- What to work on
This exercise calls for every record to be returned exactly, with pictures removed.

- Data provided

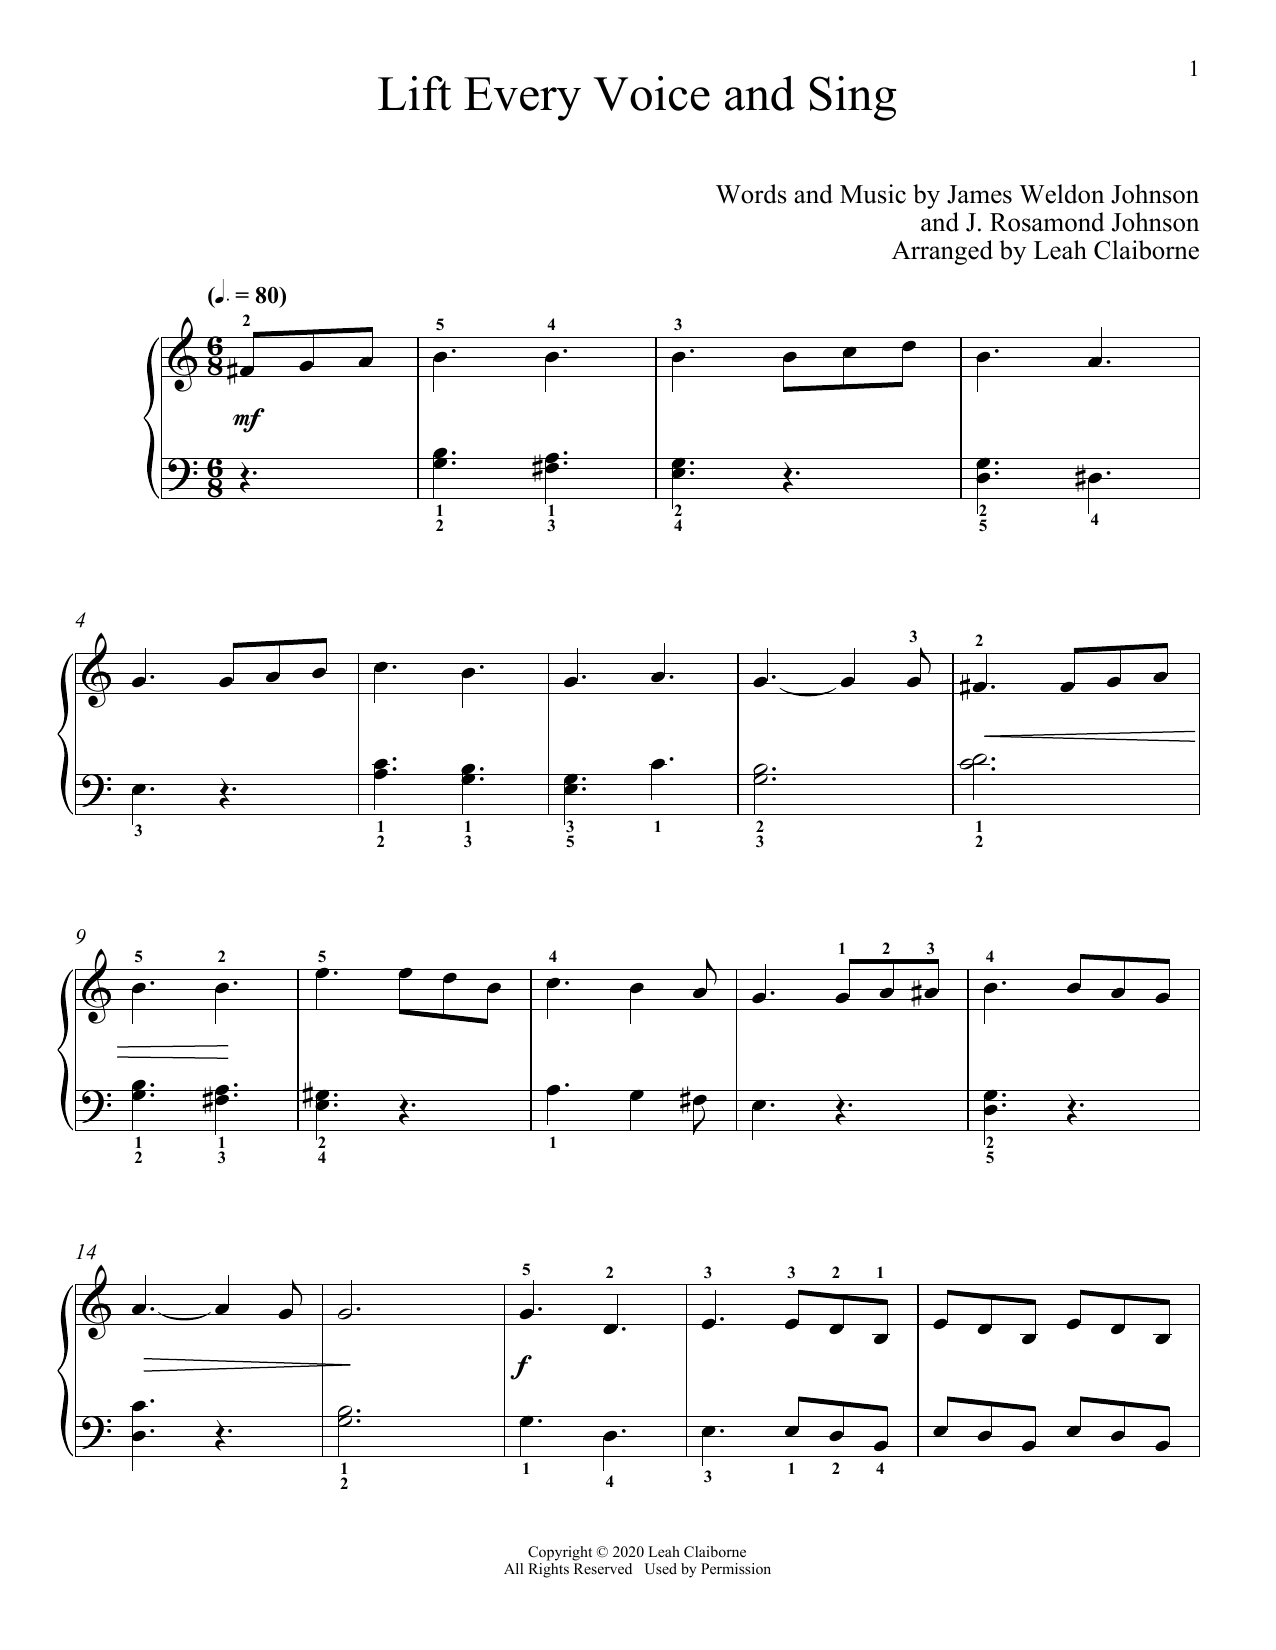 Download J. Rosamond Johnson Lift Every Voice And Sing Sheet Music
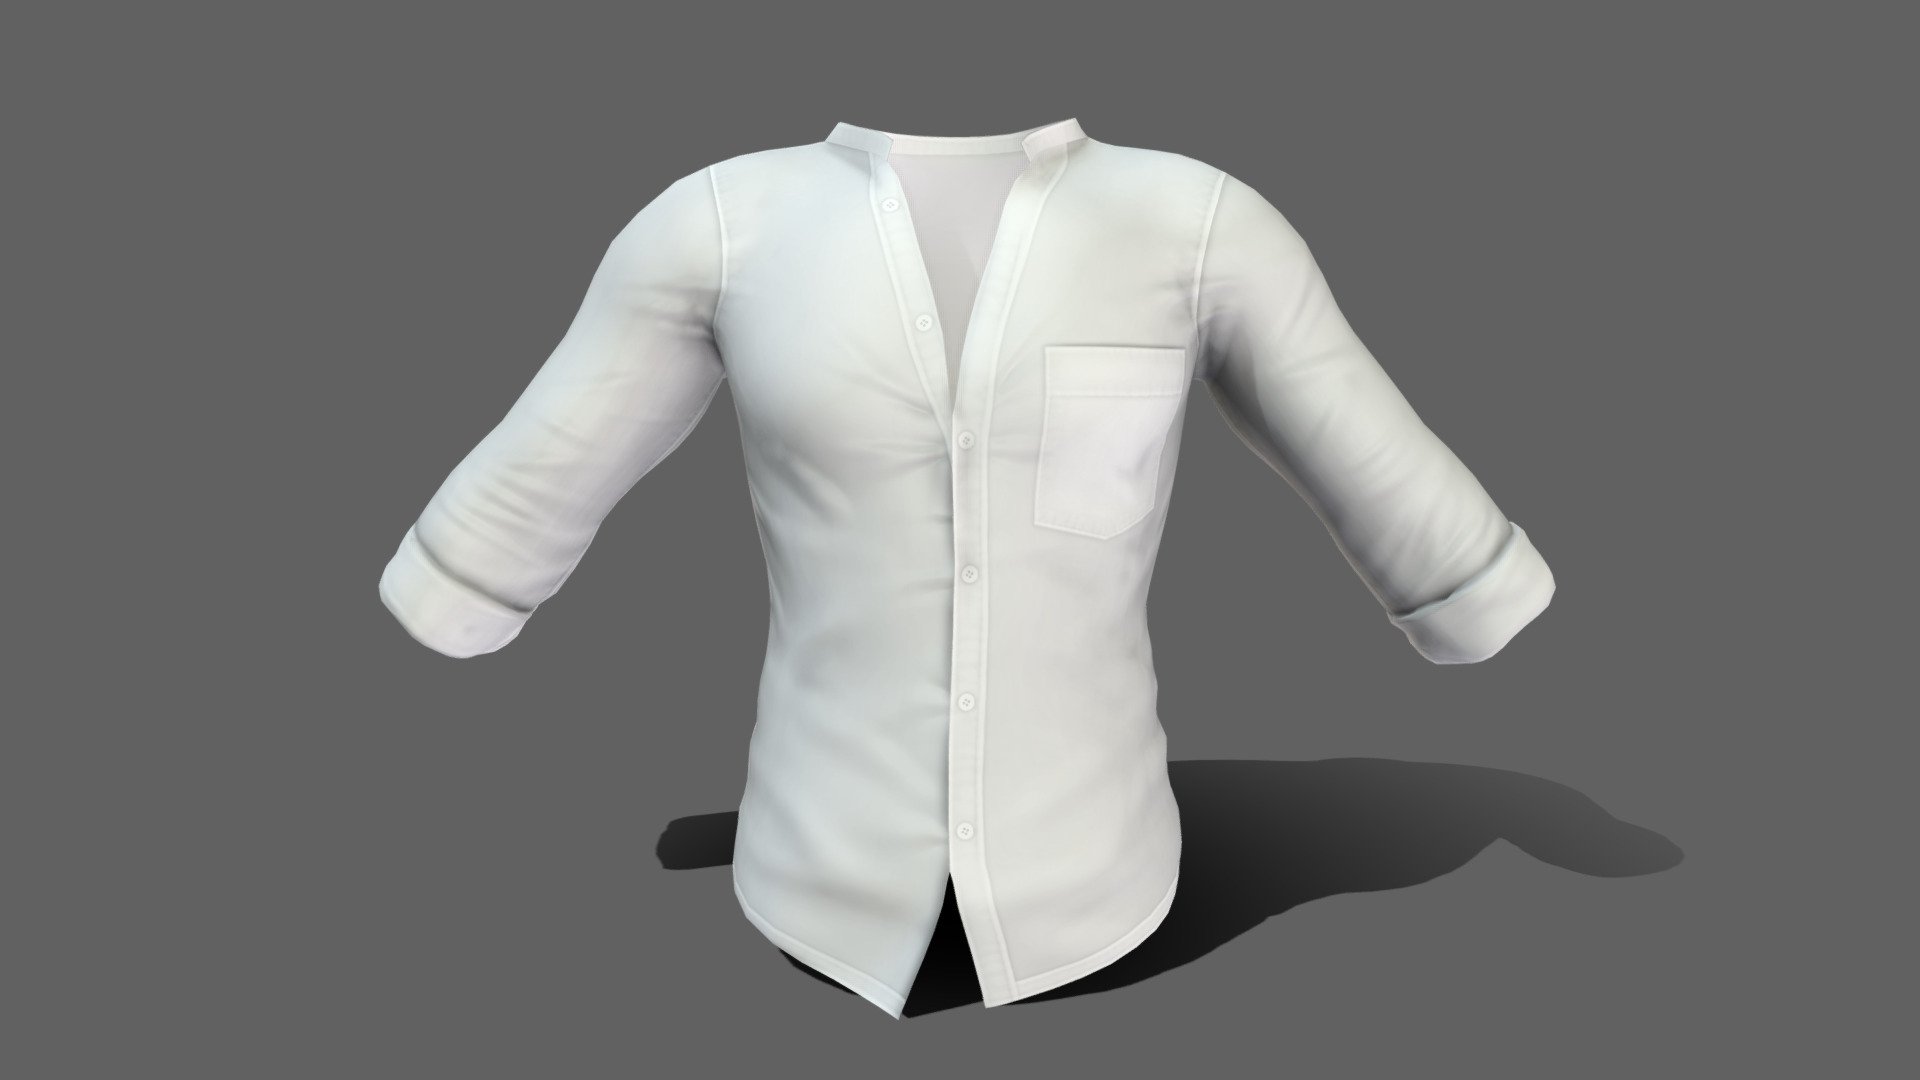 Can fit to any character

Ready for games

Clean topology

No overlapping unwrapped UVs

High quality realistic textues

FBX, OBJ, gITF, USDZ, Ma, PSD (request other formats)

PBR or Classic

Please ask for any other questions

Type     user:3dia &ldquo;search term

- Solution for this exercise
 Download J. Rosamond Johnson Lift Every Voice And Sing Sheet Music
 Can fit to any character

Ready for games

Clean topology

No overlapping unwrapped UVs

High quality realistic textues

FBX, OBJ, gITF, USDZ, Ma, PSD (request other formats)

PBR or Classic

Please ask for any other questions

Type     user:3dia &ldquo;search term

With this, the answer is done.